The only other language I (Nadrieril) am aware of that has the intersection of features that would make this necessary is Zig. They are in the process of clarifying the semantics of their empty types (https://github.com/ziglang/zig/issues/15909); they may or may not end up encountering the same explicitness problem as us.
Ocaml and Adga have respectively [refutation cases](https://ocaml.org/manual/5.2/gadts-tutorial.html#s:gadt-refutation-cases) and [absurd patterns](https://agda.readthedocs.io/en/latest/language/function-definitions.html#absurd-patterns), both of which give a way to say "this pattern is impossible and I shouldn't have to write an arm for it". Their flavor of impossibility is related to types however, not runtime validity.

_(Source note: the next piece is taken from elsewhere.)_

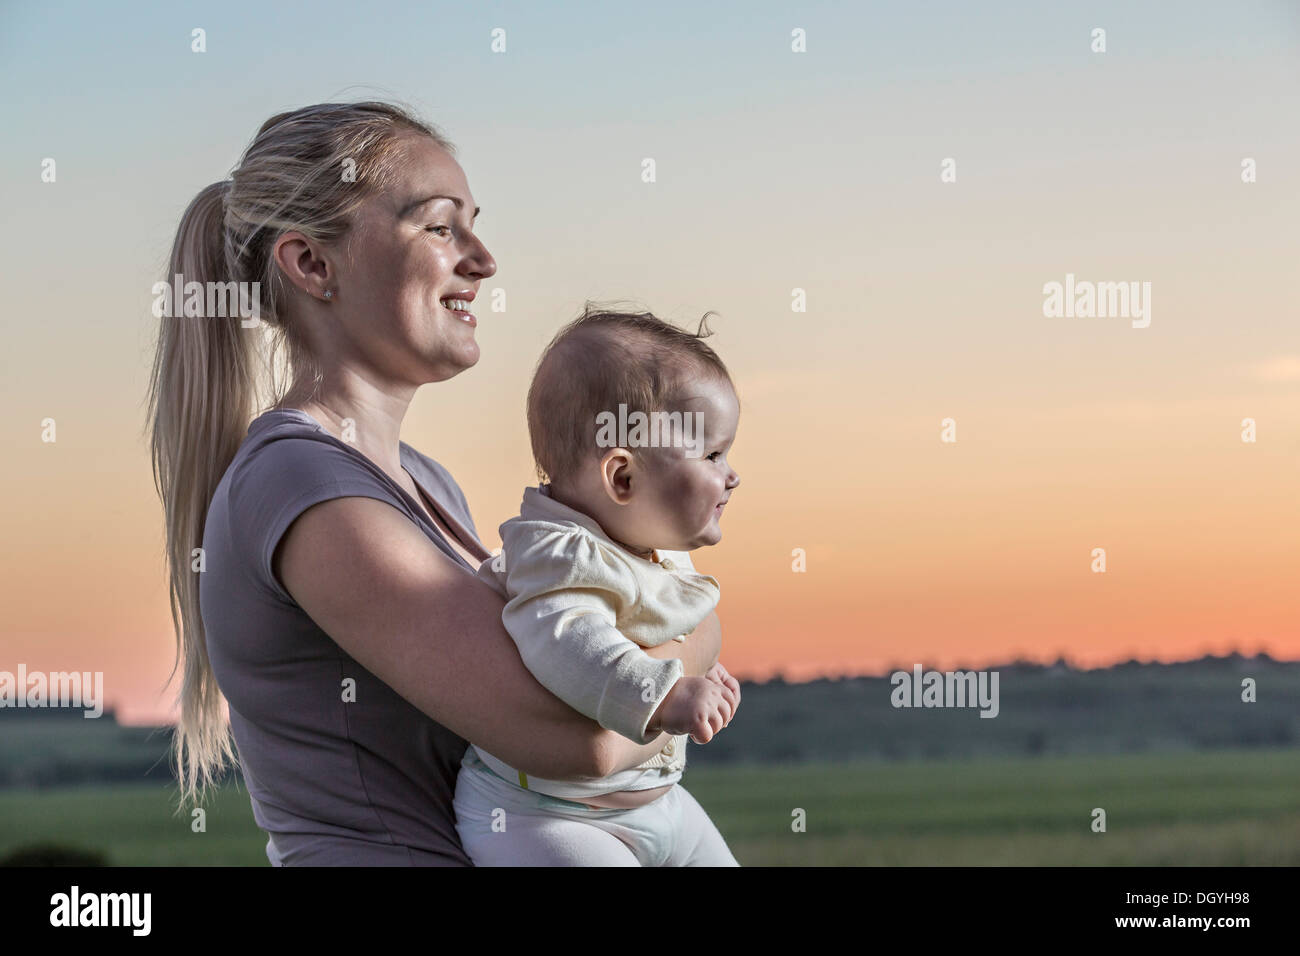 A laughing woman holding her baby in a natural setting Stock Photo

Something that's suprisingly semantically (and syntactically!) close is Haskell's [bang patterns](https://ghc.gitlab.haskell.org/ghc/doc/users_guide/exts/strict.html#bang-patterns-informal). Haskell is a lazy language and a pattern only evaluates the underlying value if needed to decide which branch to take. A `!x` instead pattern forces the evaluation of the underlying value. Rust's patterns are a bit lazy too: they lazily assert validity of the data they access. In Haskell one must be careful to evaluate the right things in the right order else you may diverge; in unsafe Rust similar care is needed to avoid UB.
Never patterns could then be described as playing the role of both a bang pattern ("please evaluate this") and an absurd pattern ("this is an impossible case") at the same time.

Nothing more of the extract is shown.